The scale is what makes this significant. First Solar, the largest solar manufacturer in the US, has annual domestic production capacity of approximately 14GW — meaning SpaceX’s single factory at 10GW alone would represent 71% of that. Furthermore, only three domestic silicon cell production facilities are currently active, with most panels assembled using cells imported from overseas. Combined with the US government’s steep tariffs on solar imports from China and Southeast Asia, structural demand for domestically produced, de-sinicized solar cells in the US is set to surge.

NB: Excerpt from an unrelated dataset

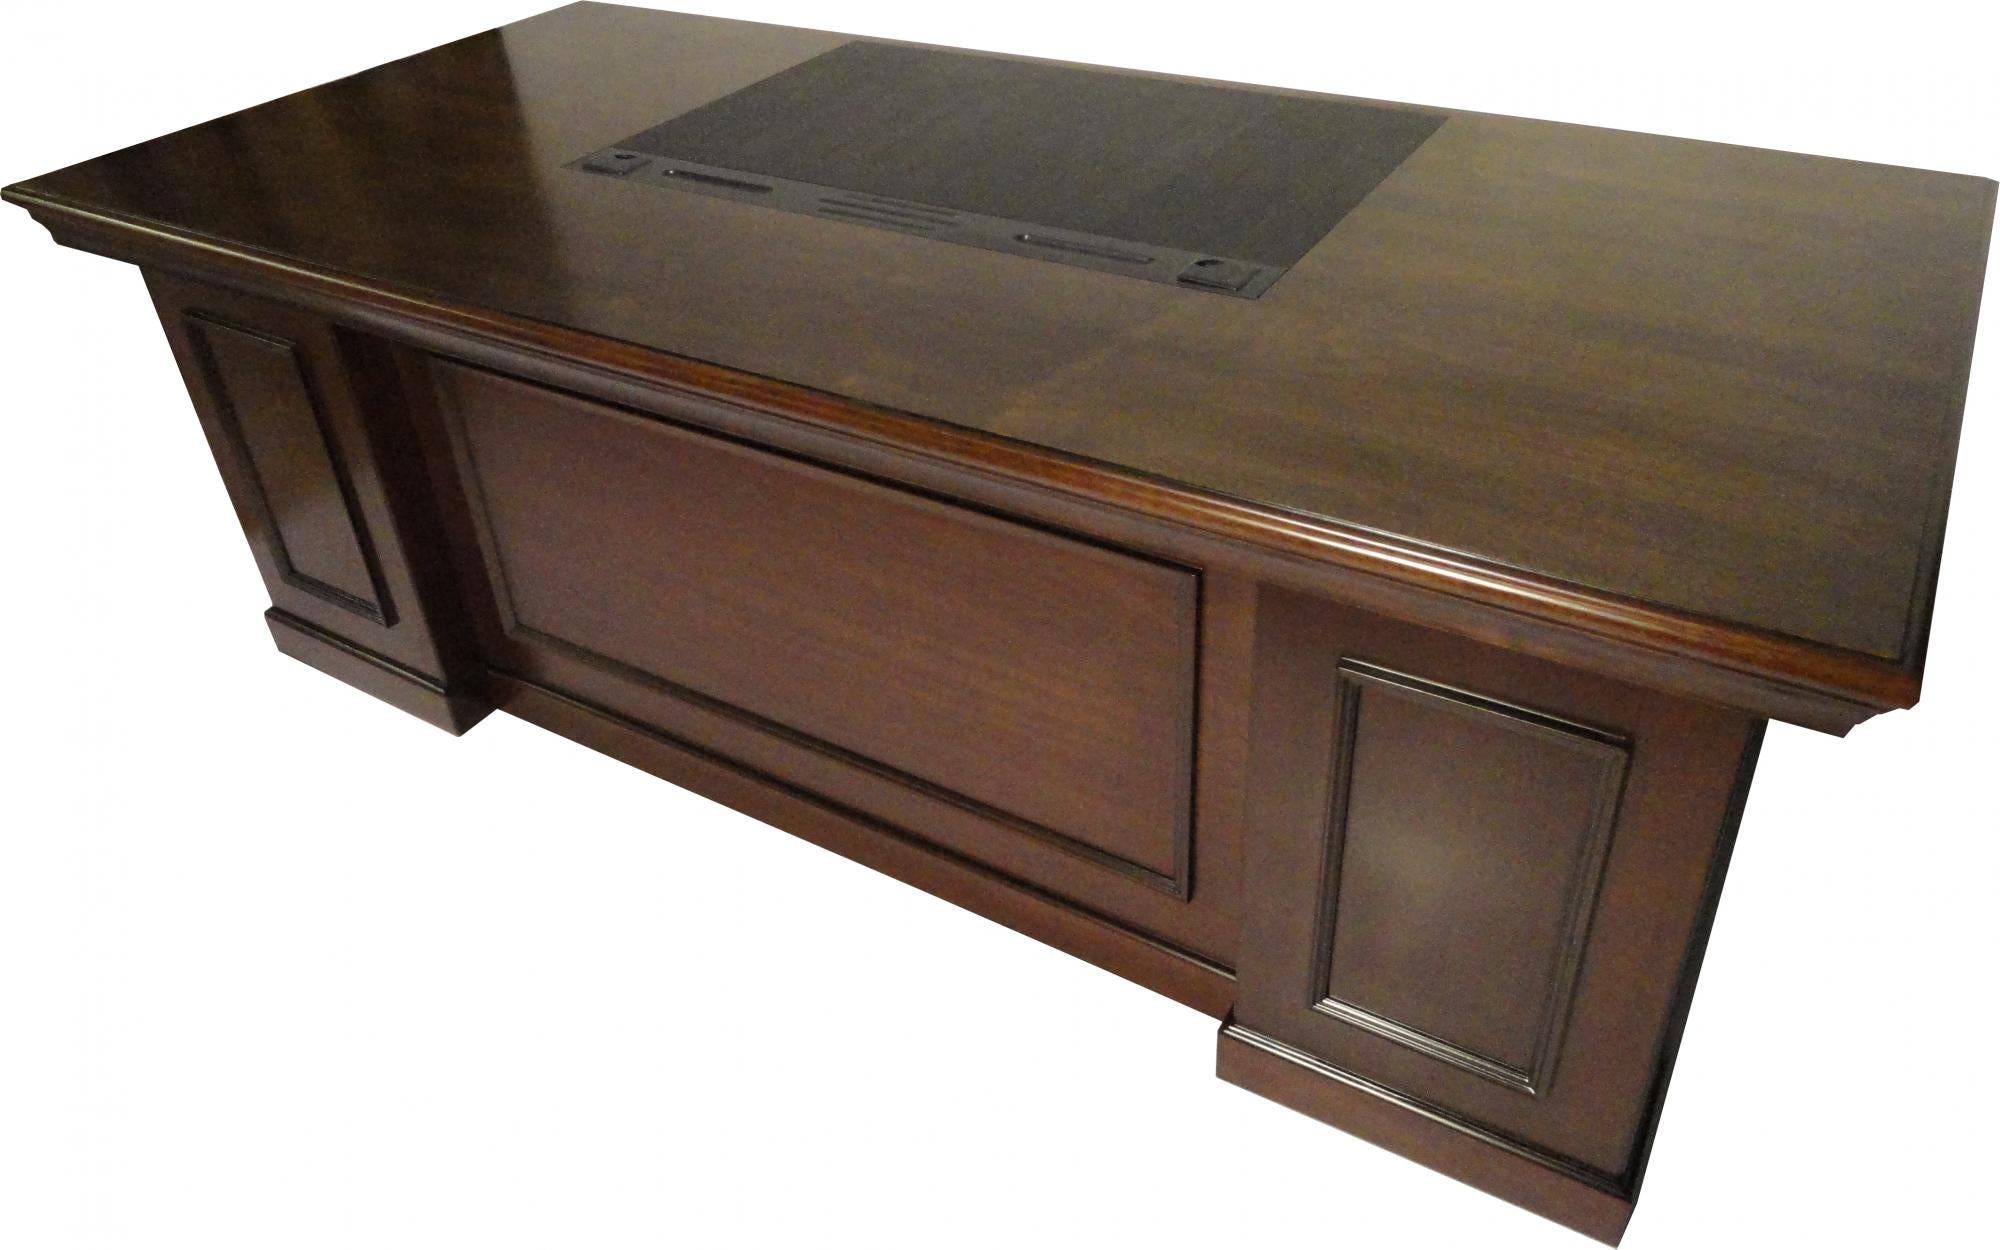 Real Walnut Veneer Executive Office Desk With Pedestal & Return - UG203-2000mm

There is, however, a key risk. The Chinese government has blocked the export of high-end solar manufacturing equipment from Suzhou Maxwell Technologies to Tesla. Musk attempted to resolve this during the Trump administration’s visit to China, but the outcome remains unclear, creating the possibility of equipment procurement delays that could affect the factory completion timeline. Looking further ahead, the story connects to SpaceX’s ambition to power orbital AI data centers with solar energy — the S-1 filing explicitly references a goal of 100GW of orbital computing capacity and emphasizes the need for a de-sinicized supply chain.